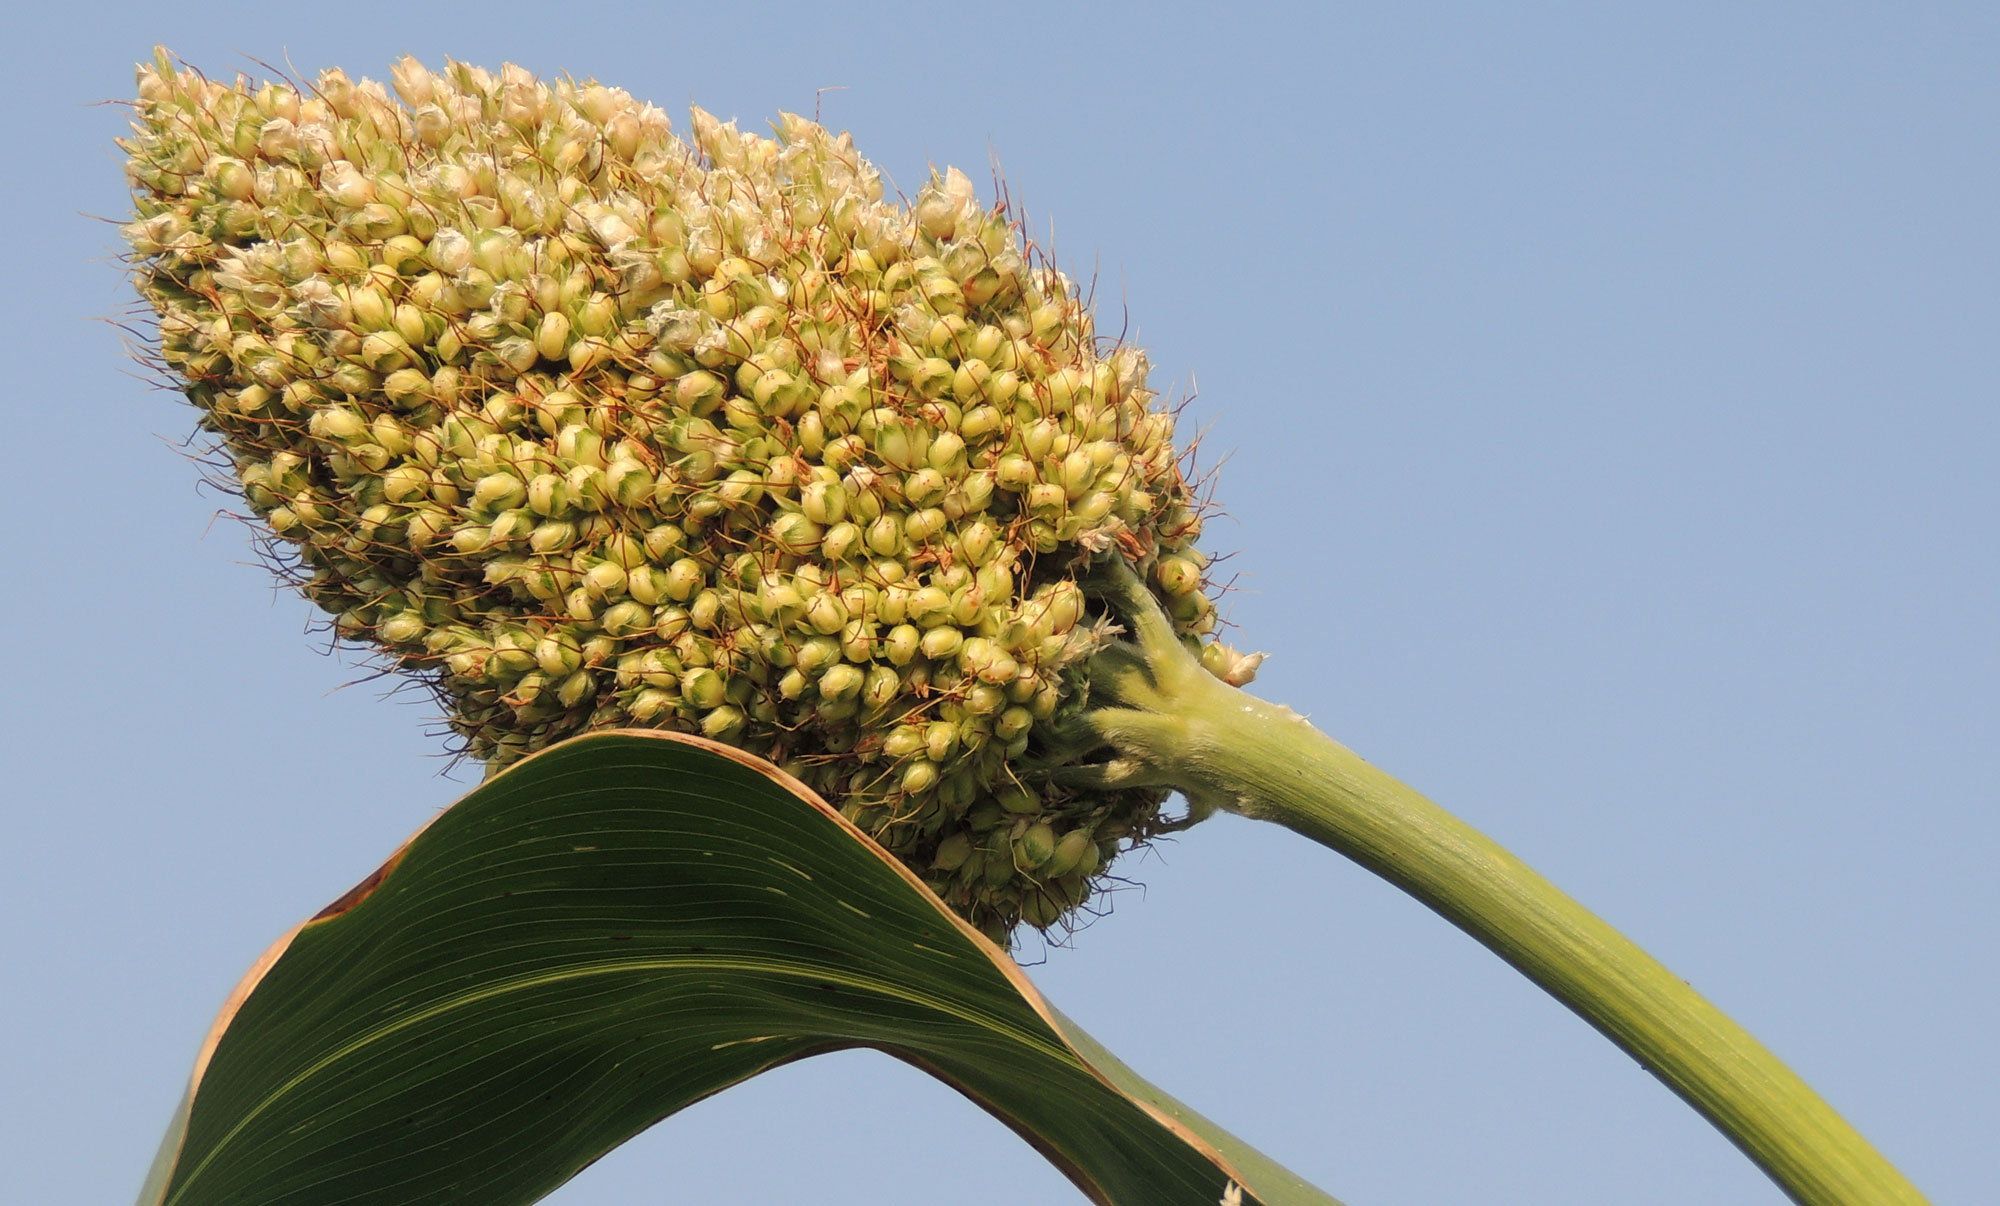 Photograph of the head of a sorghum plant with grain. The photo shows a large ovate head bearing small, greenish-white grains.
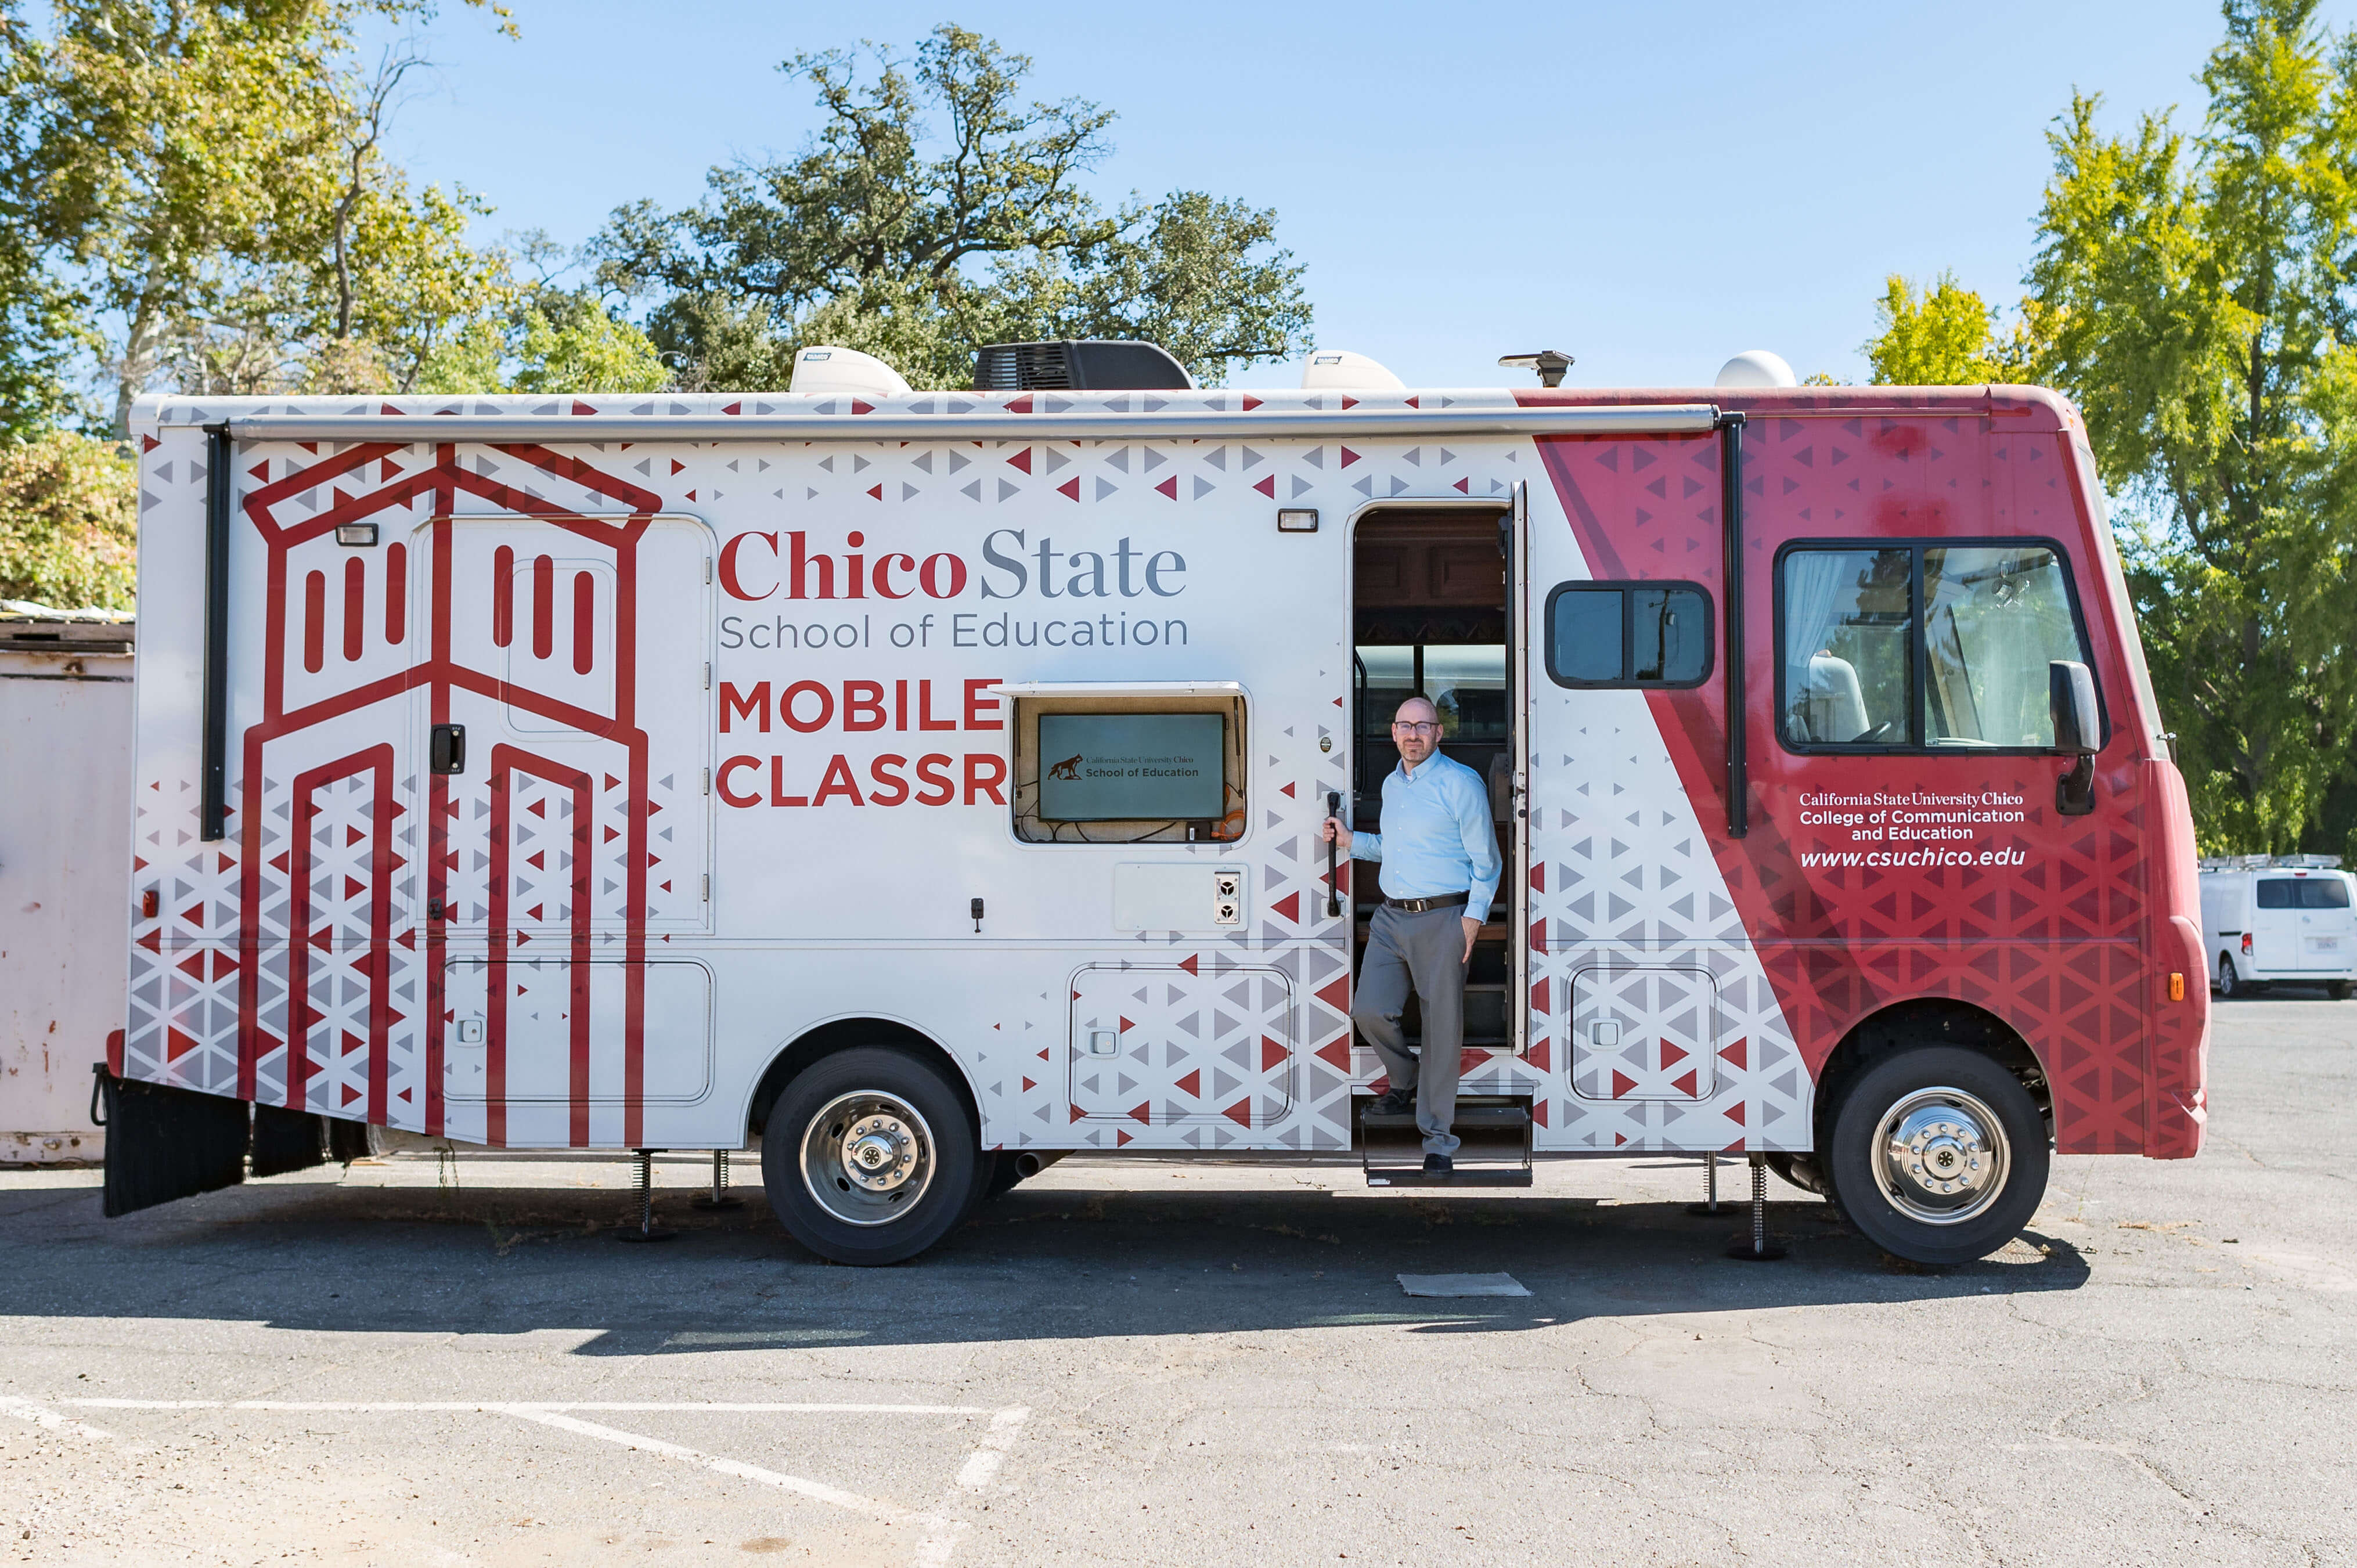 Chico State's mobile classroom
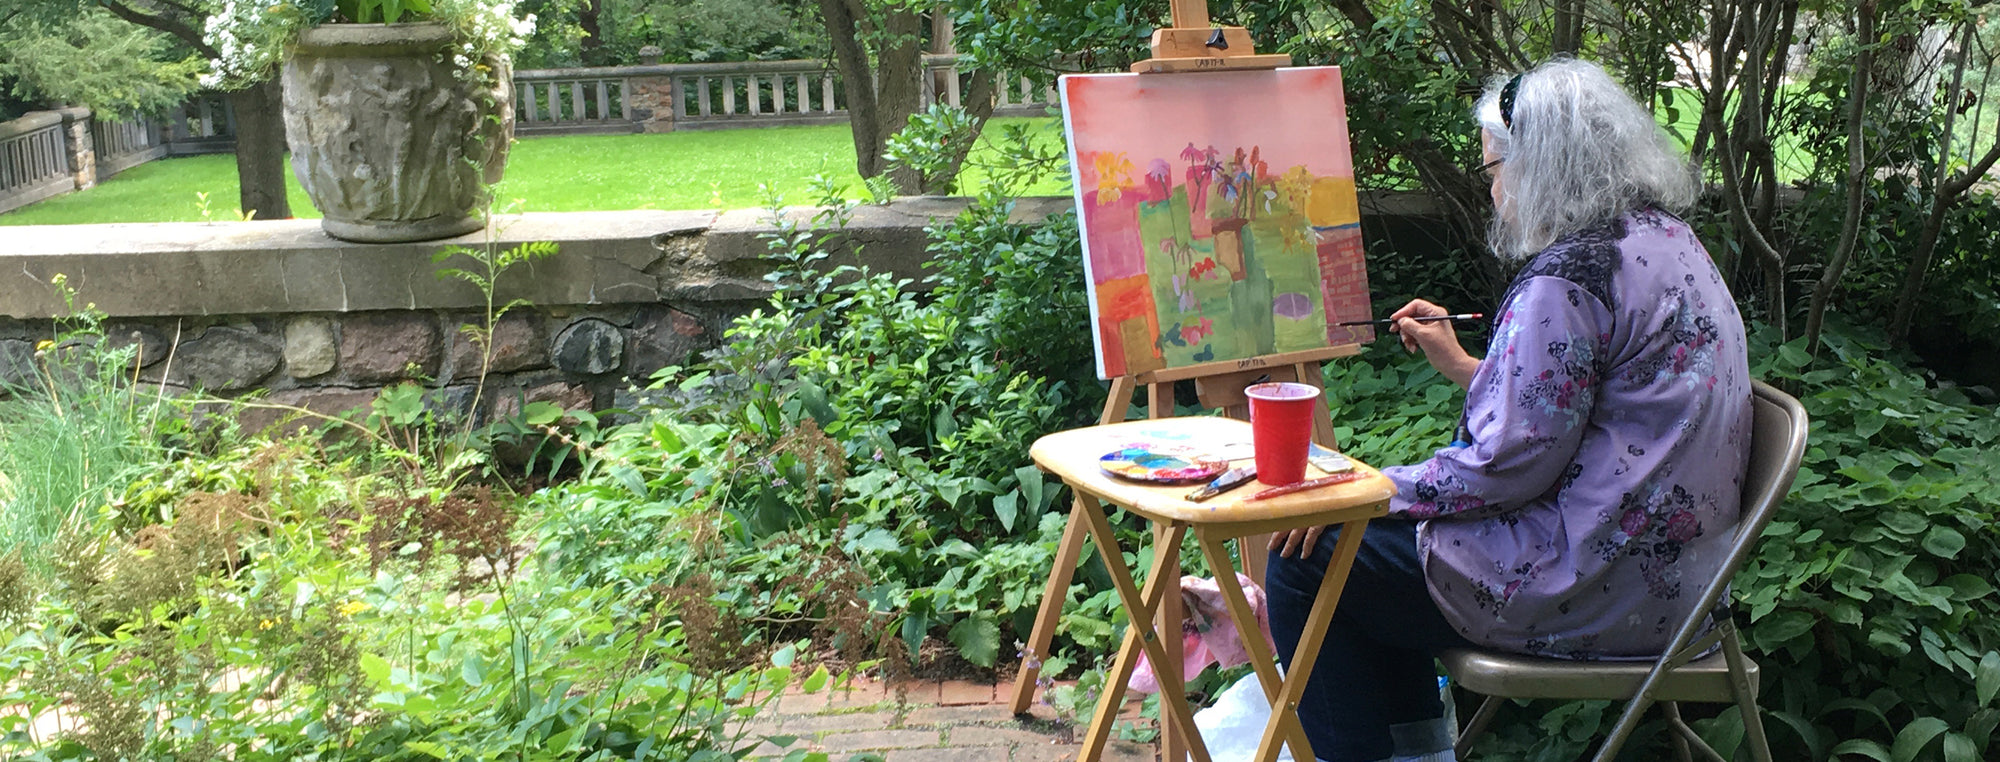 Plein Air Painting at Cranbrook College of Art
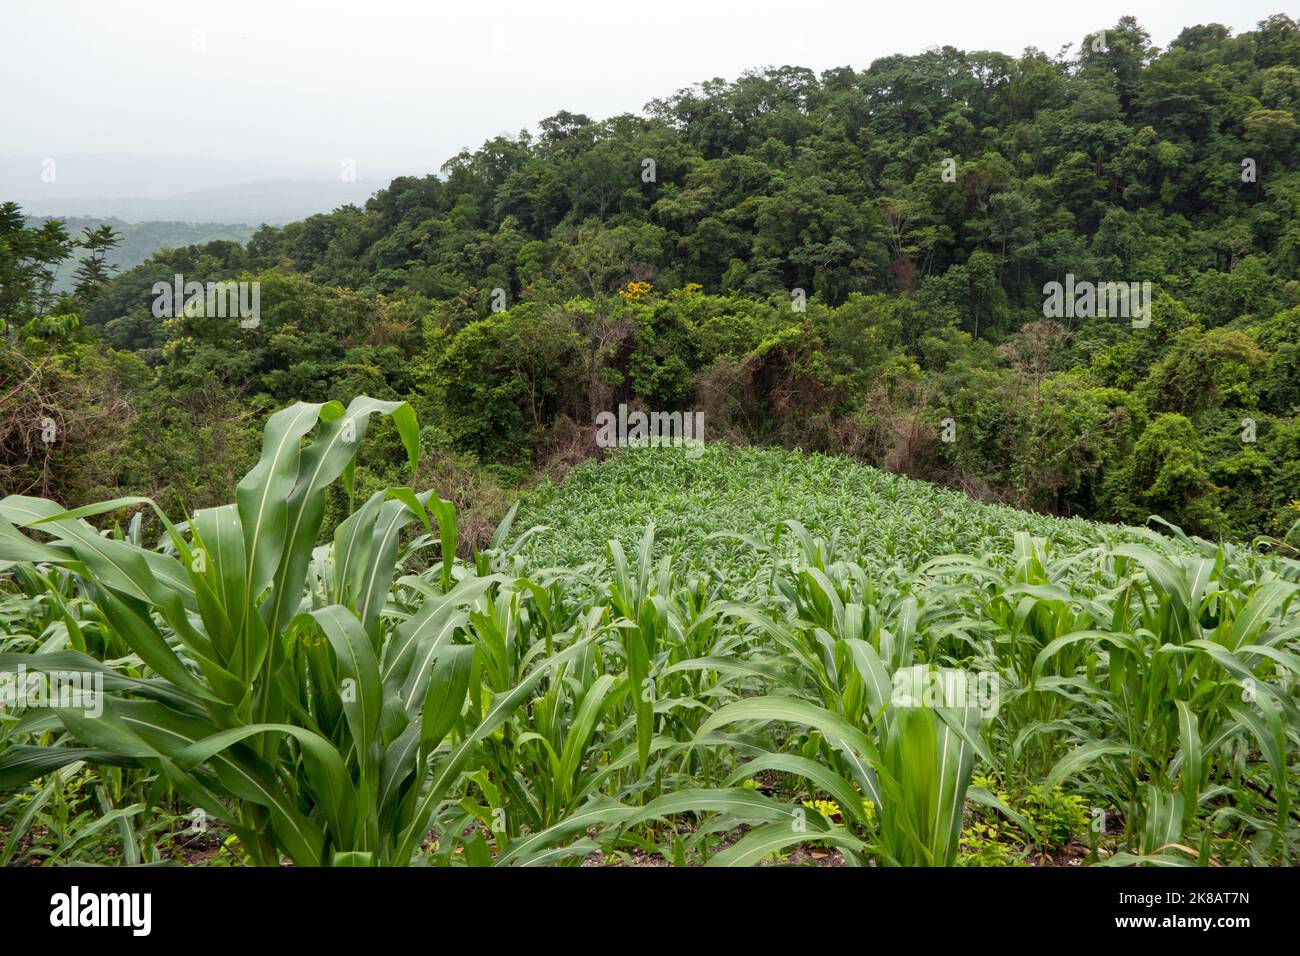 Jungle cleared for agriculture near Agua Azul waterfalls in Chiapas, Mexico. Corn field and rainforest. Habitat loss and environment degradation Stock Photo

------------------------------------

_YOUR TASK:_ Leave the pictures out and set down the rest of the listing above exactly.

_REPLY:_
 Photograph of the head of a sorghum plant with grain. The photo shows a large ovate head bearing small, greenish-white grains.
 Chico State's mobile classroom
 Plein Air Painting at Cranbrook College of Art
 Jungle cleared for agriculture near Agua Azul waterfalls in Chiapas, Mexico. Corn field and rainforest. Habitat loss and environment degradation Stock Photo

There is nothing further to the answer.